José Miguel Rojo
Ciudad de México/ 1.02.2022
En los últimos años, las emociones parecen ganar terreno frente a lo racional en el marco de unas campañas electorales protagonizadas por el relato, la hiper-personalización (Crespo, 2015) y la activación de identidades colectivas. Sería demasiado arriesgado decir que lo racional ha dejado de existir por completo en los procesos decisionales de los electores. Incluso cuando nuestro cerebro toma una decisión movida fundamentalmente por la emoción, intenta crear a posteriori explicaciones argumentales aparentemente objetivas que tratan de justificar lo que ya estaba decidido. Para ello, será necesario que el elector encuentre un anclaje racional mínimamente viable que sostenga su preferencia emocional. Esto se puede lograr alineando las propuestas programáticas con el ambiente emocional que queremos provocar. Todas las propuestas de nuestra campaña no sólo tienen que conectar con nuestro relato, sino que tienen que permitir reproducir el terreno emocional elegido.
Las propuestas no pueden estar aisladas de las ideas centrales de la campaña; cada mensaje, cada imagen, cada promesa, cada tuit, tiene que remitir al núcleo narrativo y emocional de la estrategia. Si nuestra campaña quiere fomentar la ira contra la clase política corrupta, nuestras propuestas (ámbito argumental-racional) han dirigirse a castigar a esa élite o a eliminarle privilegios. No podemos confundir al elector centrándonos, de repente, en los carriles bici.
Cada vez con mayor frecuencia buscamos atajos cognitivos que simplifiquen el saturado contexto político y las emociones nos ayudan en este empeño. El auge de las investigaciones sobre neurociencia y neuromarketing se explica a partir de este hecho. Cuando alguien despierta en nosotros la emoción exacta todo lo demás resulta accesorio: la pasión ha triunfado sobre la razón.
Toda candidatura debería buscar que, al votar por ella, nos sintiéramos bien con nosotros mismos y con lo que acabamos de hacer. No podemos olvidar que los afectos y los sentimientos provocan estados anímicos que filtran los actos de las personas, de tal manera que primero nos emocionamos, luego pensamos y, por último, elaboramos nuestra conducta.

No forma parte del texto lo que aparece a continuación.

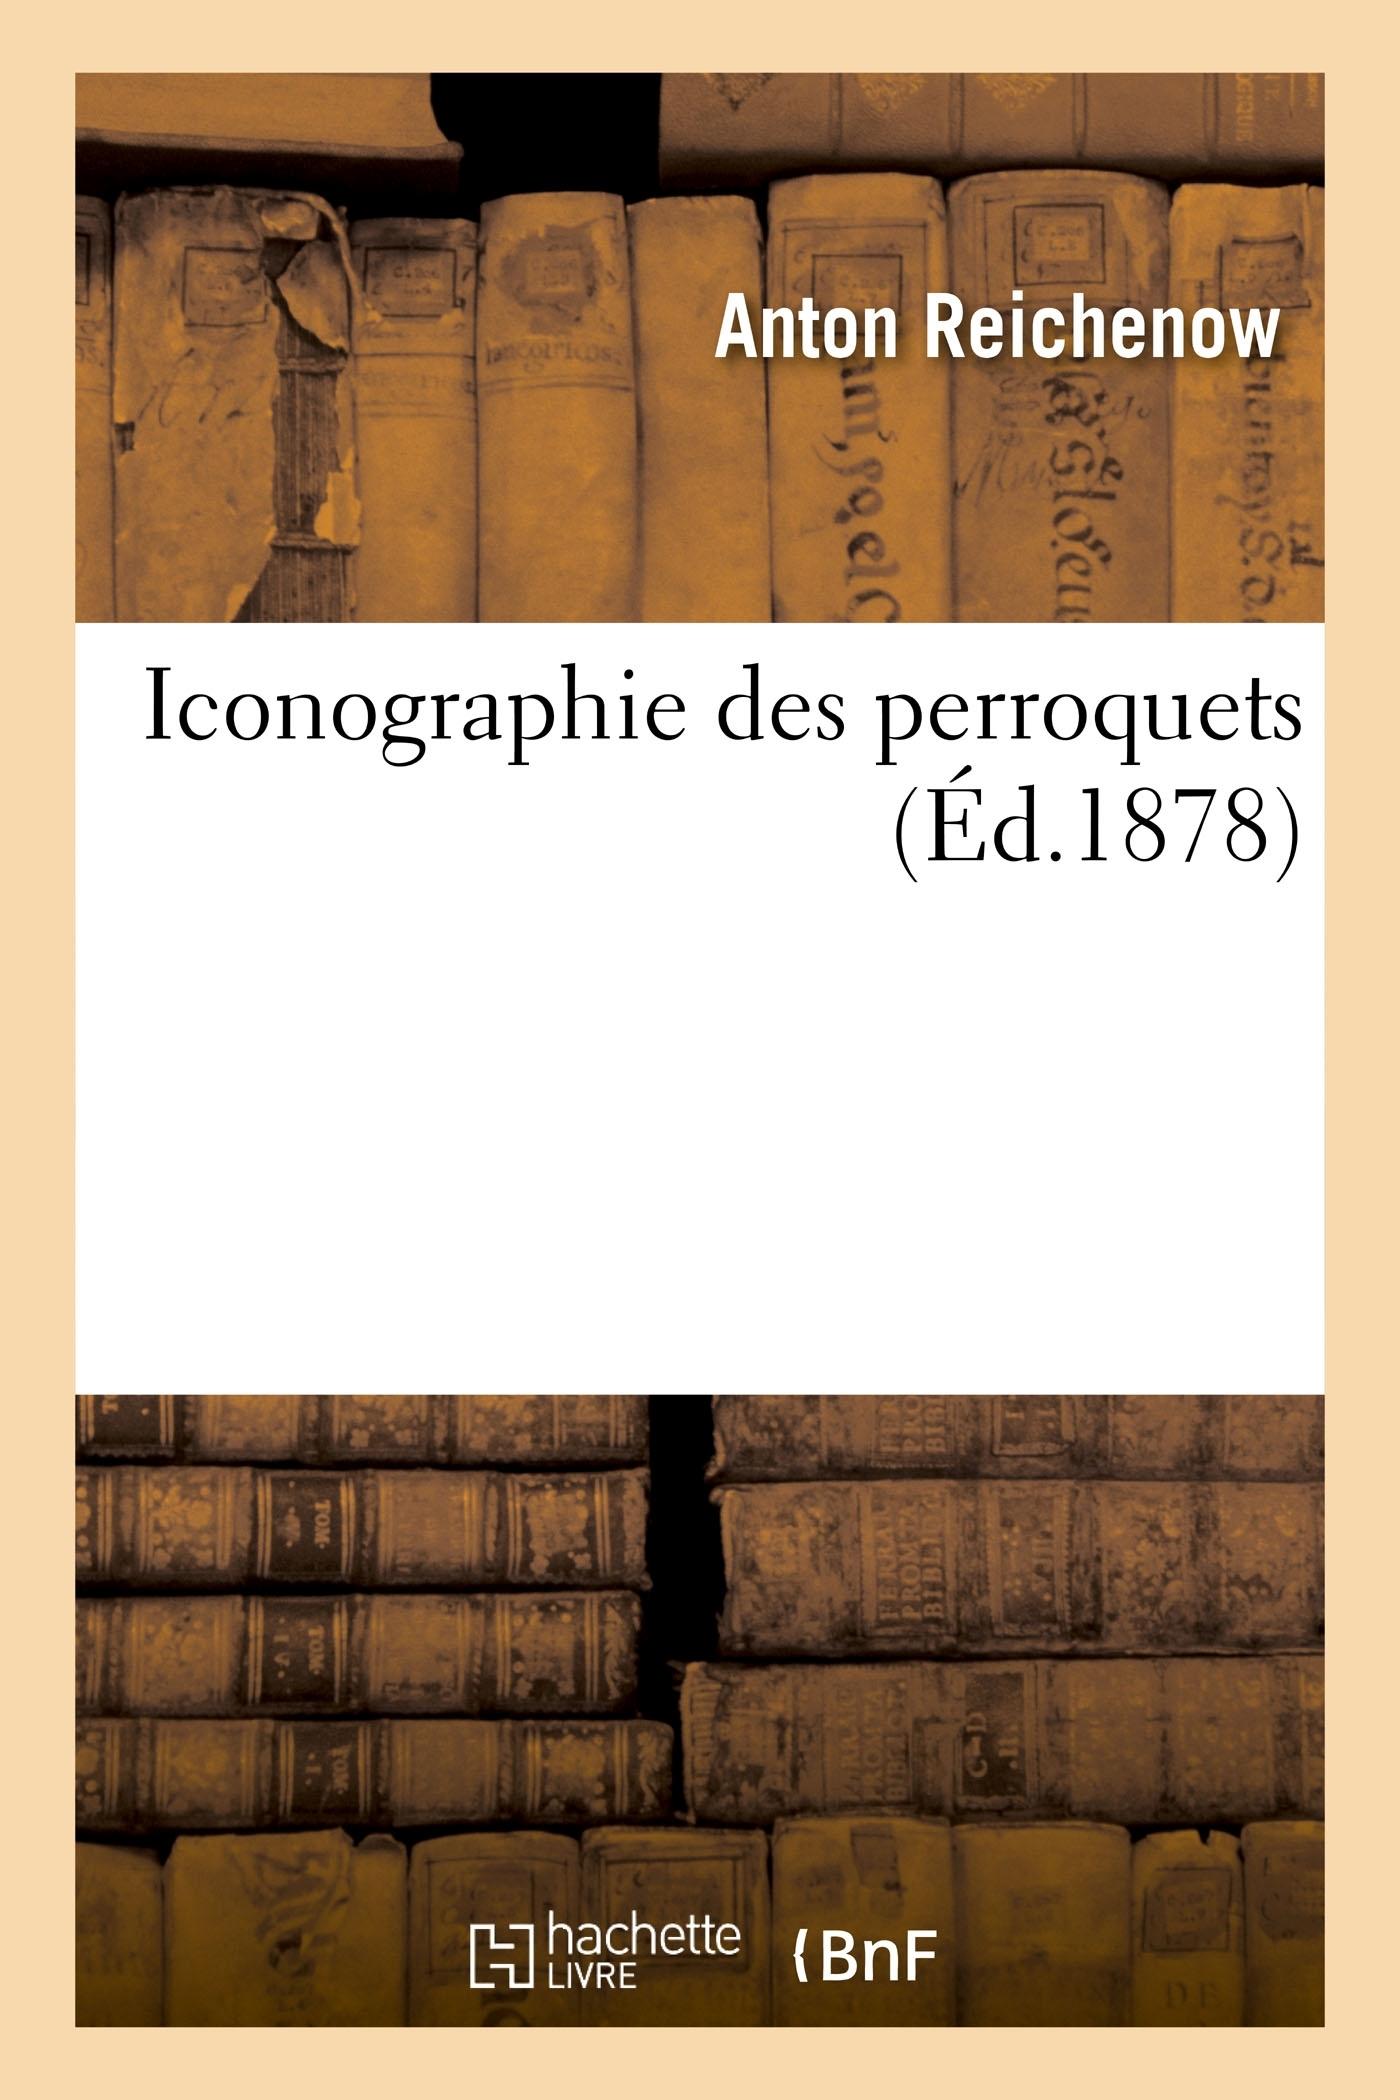 ICONOGRAPHIE DES PERROQUETS

Asimismo, las emociones “ayudan a la gente a recordar los mensajes políticos” y “facilitan la movilización de los electores” (Tarullo, 2016: 34). Las emociones, en resumen, aportan un gran valor a nuestra campaña: permiten posicionarnos en la mente del elector de manera preferente y distinguida. Nos hacen llegar a la gente, conectar con ellos.
Es importante recordar que las emociones más presentes en política son las más extendidas, a su vez, en el ser humano: las emociones primarias, aquellas que compartimos con buena parte del reino animal y que son “neurológicamente innatas y fundamentalmente fisiológicas”. Estas emociones serían: el miedo o aversión, la ira o aserción, la tristeza o depresión, la alegría, la satisfacción y la sorpresa (Bericat, 2012: 2; Kemper, 1978; Turner, 1999).
Si bien no solo basta con activar las emociones correctas, está claro que una buena gestión de las emociones nos acercará a nuestros objetivos electorales. Sobre la base de los estudios de Castells (2009), que definen el entusiasmo y el miedo como las emociones básicas para el comportamiento político, podemos señalar tres grandes tipos de campañas emocionales: las campañas en positivo, las campañas negativas y las campañas relacionadas con sentimientos de pertenencia. ¿Cuál elegir? Dependerá del clima de opinión, del perfil del candidato que deba transmitirlas y de la definición de nuestros públicos y objetivos.